Mysterius himself is a vaguely obnoxious character who was apparently a fairly big deal at some point, but now makes a living doing seances and the like. He wouldn't be a particularly likeable protagonist, but he doesn't have to be, because Ella serves that role, and she's much more engaging. That leaves Mysterius free to be enigmatically annoying, a character that Parker writes rather well.

There's also an arch-sceptic character, John Darby, who's even more annoying than Mysterius himself. I was concerned for a while that the book was going to make the classic error of having sceptics who inevitably looked like idiots for denying the blindingly obvious. In fact, Parker avoids that trap: although we can tell that Mysterius has genuine magical powers, they're unreliable and unobtrusive enough that Darby is perfectly justified in saying he's seen nothing that couldn't be explained. Still, he's a one-note character, and infuriatingly smug as some professional sceptics can be, he feels excessively heavy-handed to me.

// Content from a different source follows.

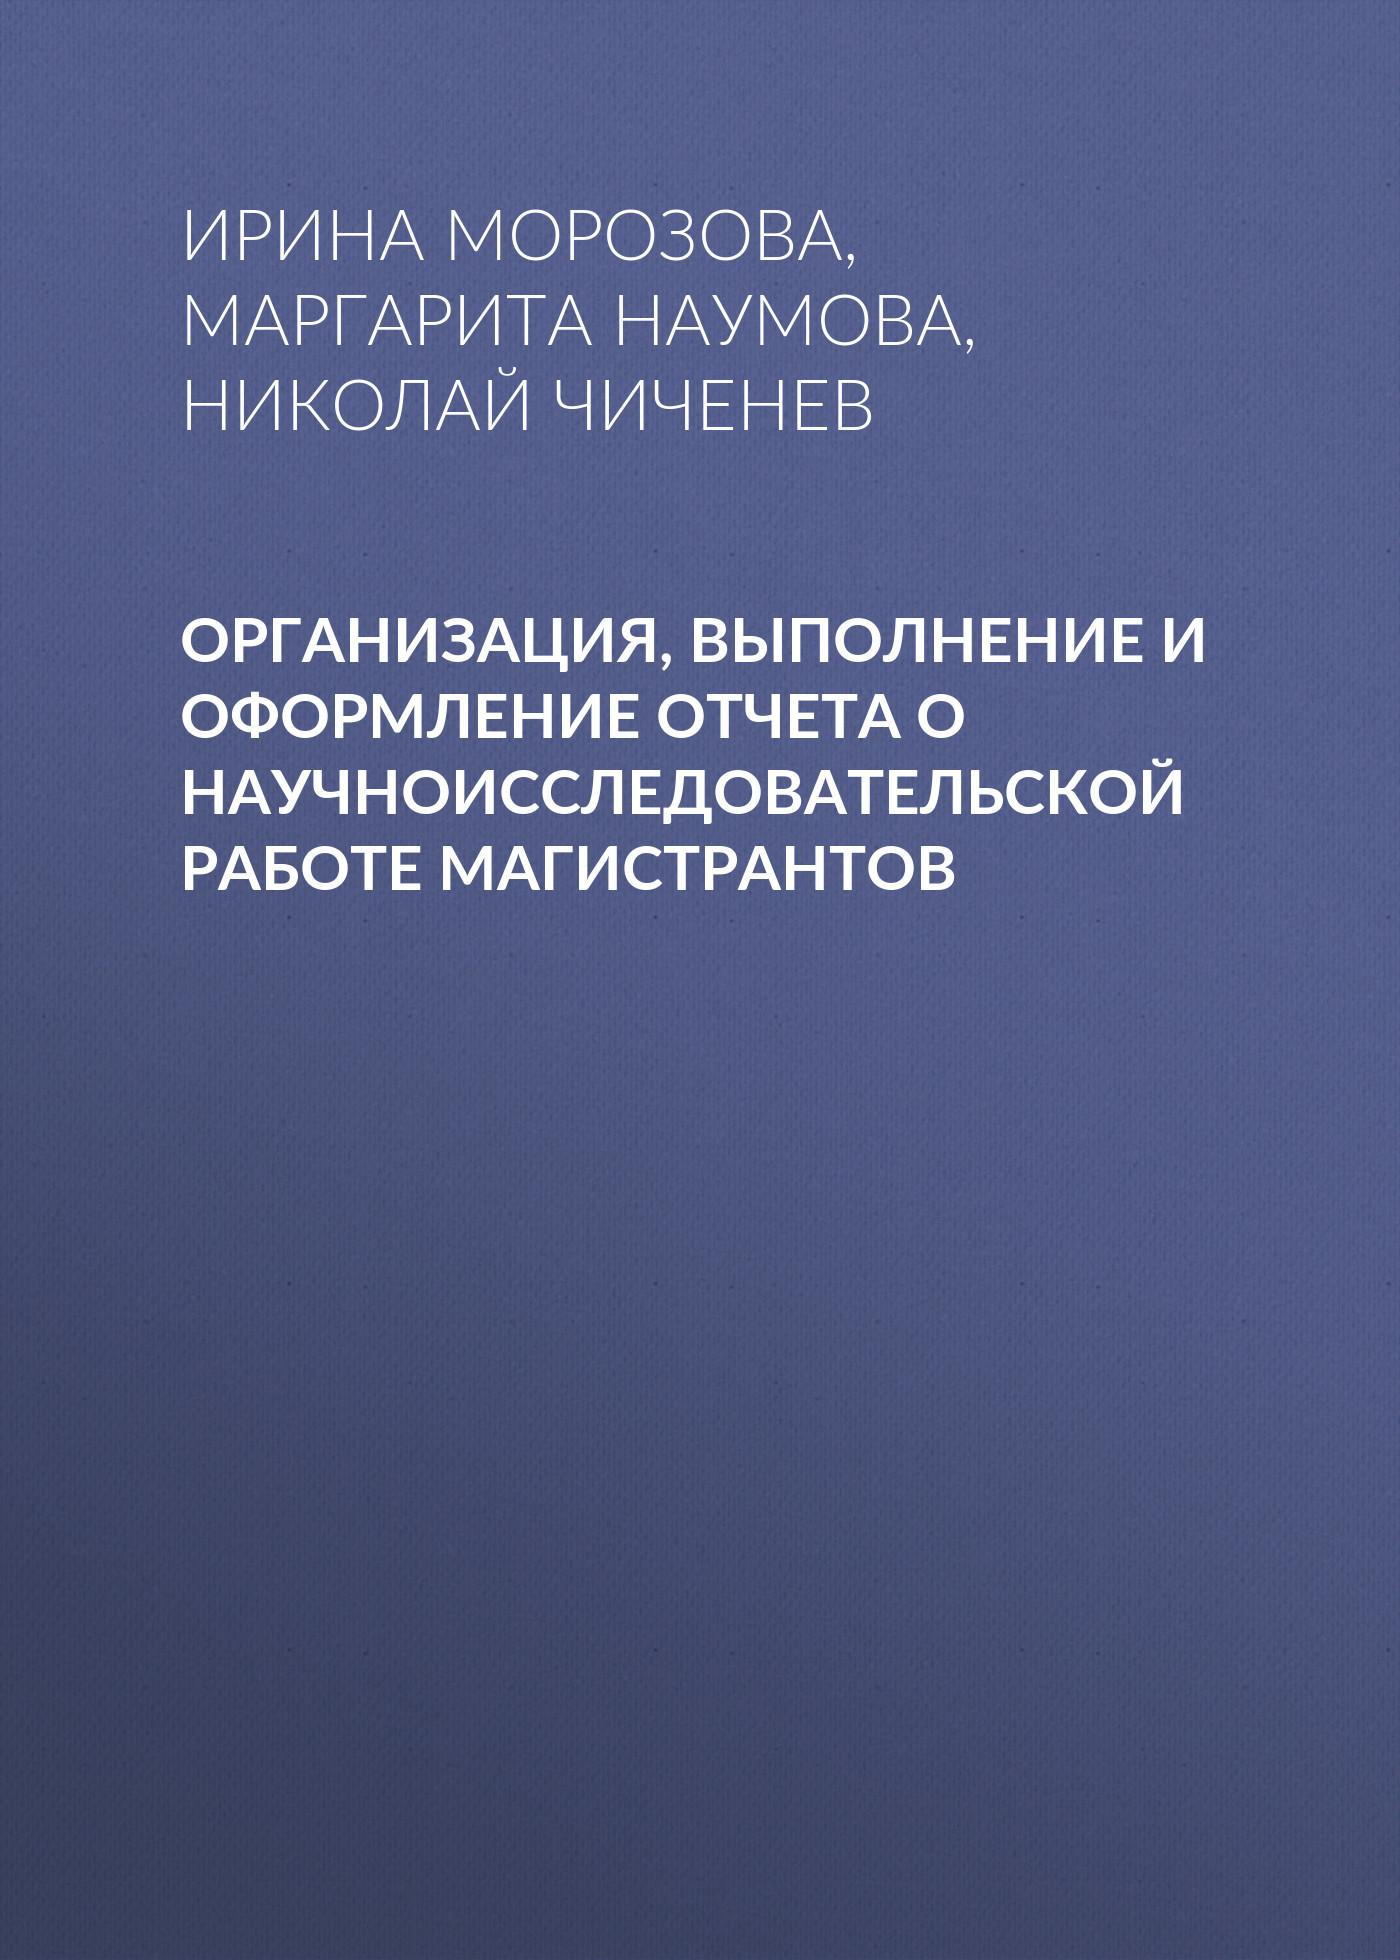 Ирина Морозова Организация, выполнение и оформление отчета о научноисследовательской работе магистрантов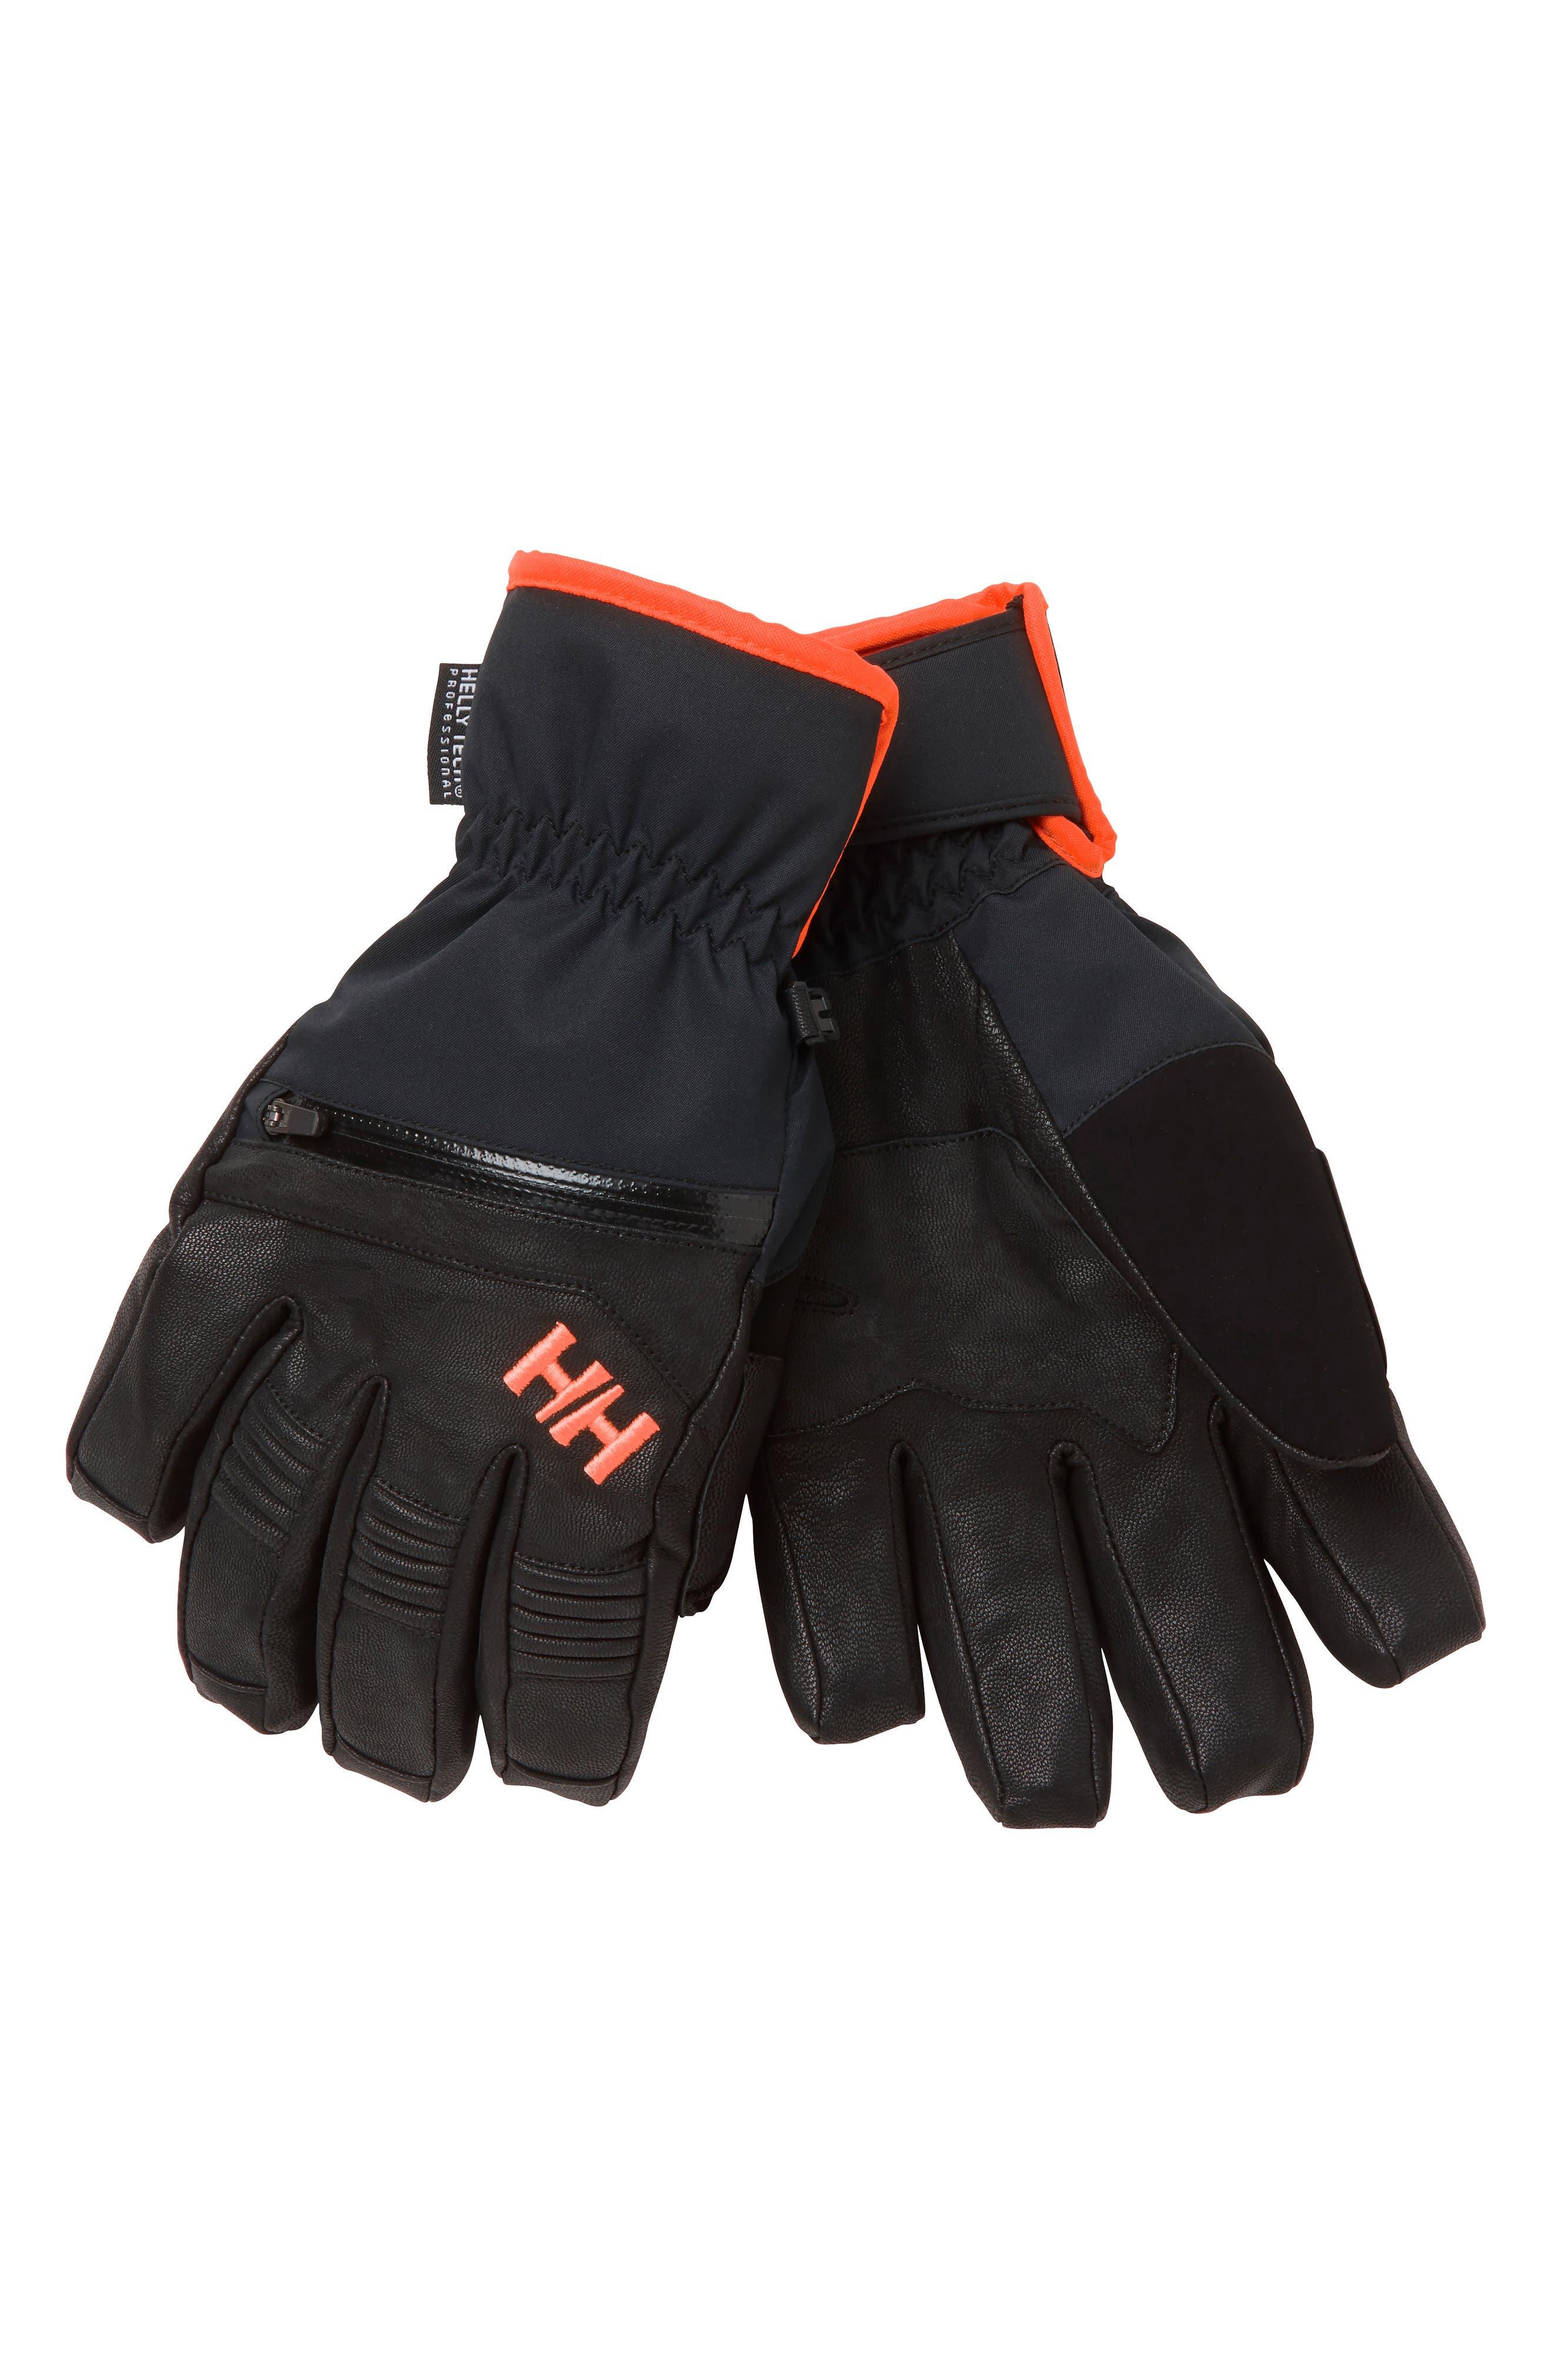 Helly Hansen Alpha Warm Helly Tech Ski Gloves, Black

That point aside, it's a good first issue. Artist Tom Fowler makes Mysterius a suitably unheroic and self-important figure, and does very good work with the seance scenes in the afterlife, keeping the bleakness on the right side of dark comedy. And I like the presentation of magic as something that allows Mysterius to bend the rules rather than break them entirely; he's able to live a comfortable enough life in the margins, but doesn't seem to have any tremendous power over the real world. Magic is such a get-out-of-jail-free card that writers need to keep it on a leash to stop it ripping holes in the plot, and Parker judges it well here.

A strong start; I'll look forward to picking up the collection.